Abstract: MULTIPLE HDDS MAY FAIL AFTER CONTROLLER REMOVAL/REPLACEMENT
SYMPTOM:
After replacing a DS4000 System Storage controller, due to a
battery replacement or controller failure, multiple hard disk
drive failures may occur.
PROBLEM ISOLATION AIDS:
- The system may be any of the following IBM servers:
DE4300 (FAStT600) Single Controller Storage Server, Type
1722, any model
DS4000 EXP710 Storage Enclosure, Type 1740, any model
DS4000 EXP810 Storage Enclosure, Type 1812, any model
DS4000 EXP810 Storage Enclosure, Type 1812 (DC power
supplies), any model
DS4300 (FAStT600) Dual Controller and Turbo Storage
Server, Type 1722, any model
DS4500 (FAStT900) Storage Server, Type 1742, any model
DS4700 Storage Server, Type 1814, any model
DS4700 Storage Server, Type 1814 (DC power supplies), any
model
DS4800 Storage Server, Type 1815, any model
- This tip is not software specific.
- The system is configured with one or more of the following
IBM Options:
146.8 GB, 10,000 rpm, hot-swappable, 2 Gbps Fibre Channel
disk drive module, Option 32P0765
300 GB, 10,000 rpm, hot-swappable, 2 Gbps Fibre Channel
disk drive module, Option 73P8005
73.4 GB, 10,000 rpm, hot-swappable, 2 Gbps Fibre Channel
disk drive module, Option 06P5762
- The JFQ3 or JFQ4 firmware for the hard disk drives is
affected.
- The system has the symptom described above.
FIX:
The issue is resolved in the JFQ8 hard disk drive firmware
upgrade.

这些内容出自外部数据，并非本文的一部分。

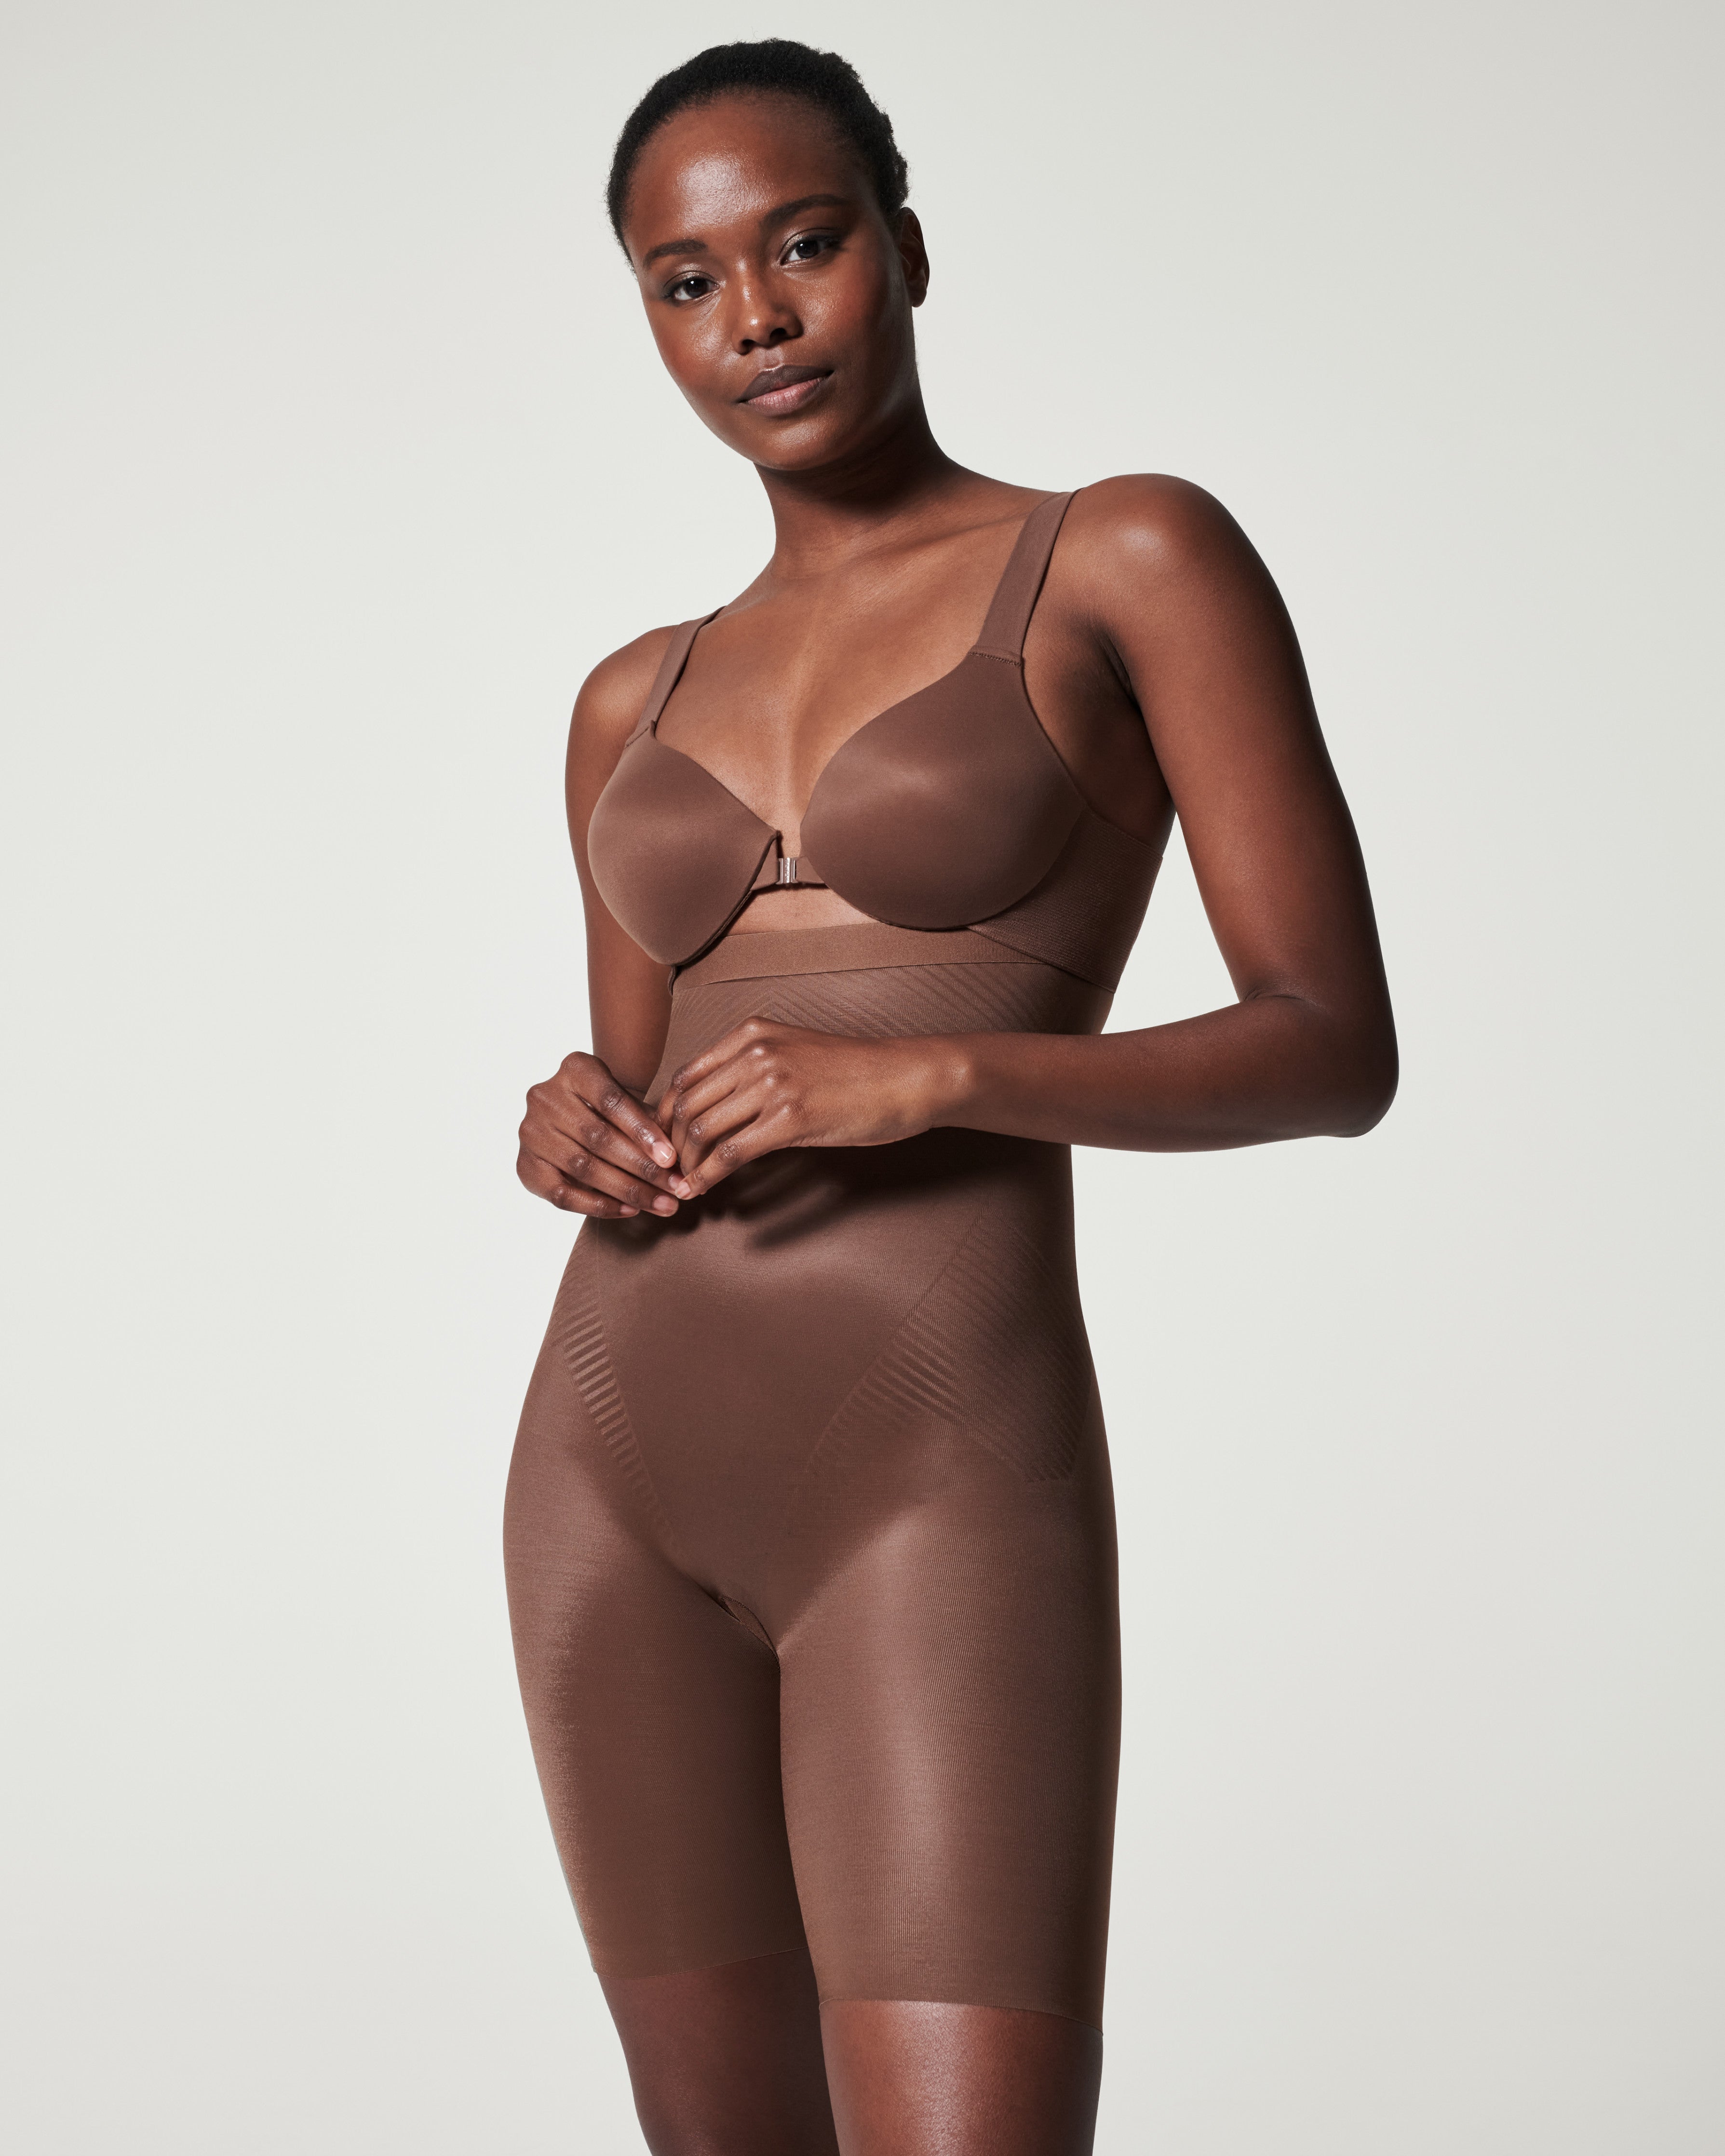 Invisible Shaping High-Waisted Mid-Thigh Short
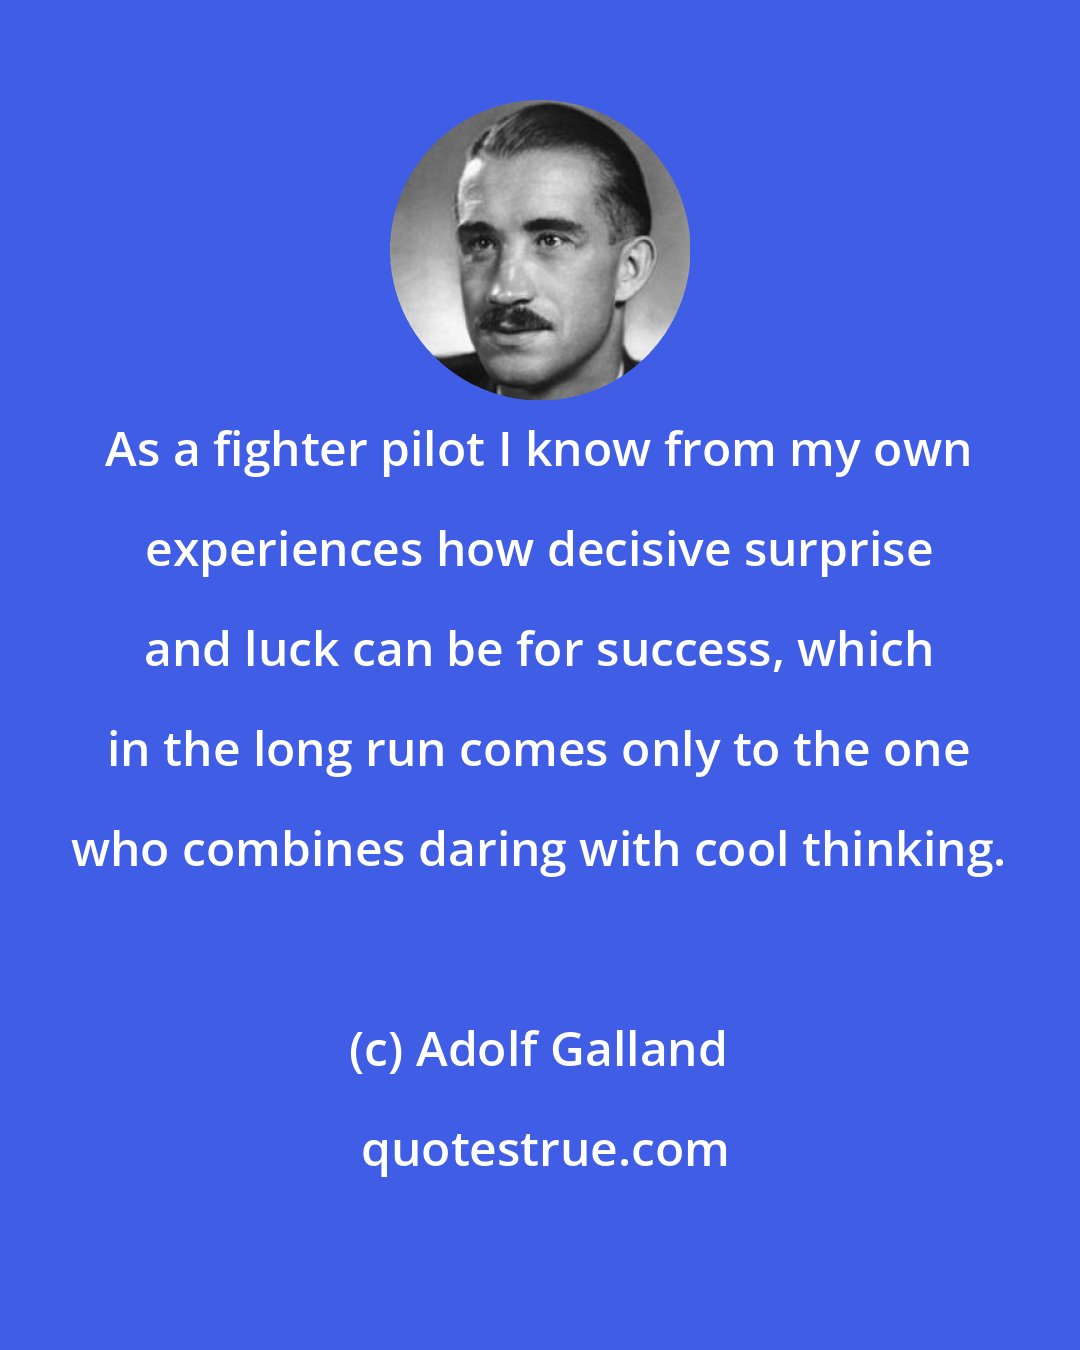 Adolf Galland: As a fighter pilot I know from my own experiences how decisive surprise and luck can be for success, which in the long run comes only to the one who combines daring with cool thinking.

The update package can be found at the following
URL:
http://www.ibm.com/support/docview.wss?uid=psg1MIGR-5071008
DETAILS:
JFQ3 and JFQ4 hard disk drive firmware have sensitivity issues
to controller removal that was resolved in the JFQ8 hard disk
drive firmware. IBM highly recommends to upgrade to JFQ8
firmware level, whether or not drive fallout has occurred.
TRADEMARKS:
System Storage is a trademark of International Business
Machines Corporation in the United States, other countries, or
both.
Other company, product, or service names may be trademarks or
service marks of others.
二. 更换步骤
备份数据,假设阵列里面有两个逻辑盘LUN,分别放在A控制器和B控制器。由于此时电池没电,但是AC还能提供电源,所以可以进行备份,
更换电池的主要原因是由于如果此时掉电,ctroller里的raid控制信息将会丢失。系统将无法识别到lun。造成故障。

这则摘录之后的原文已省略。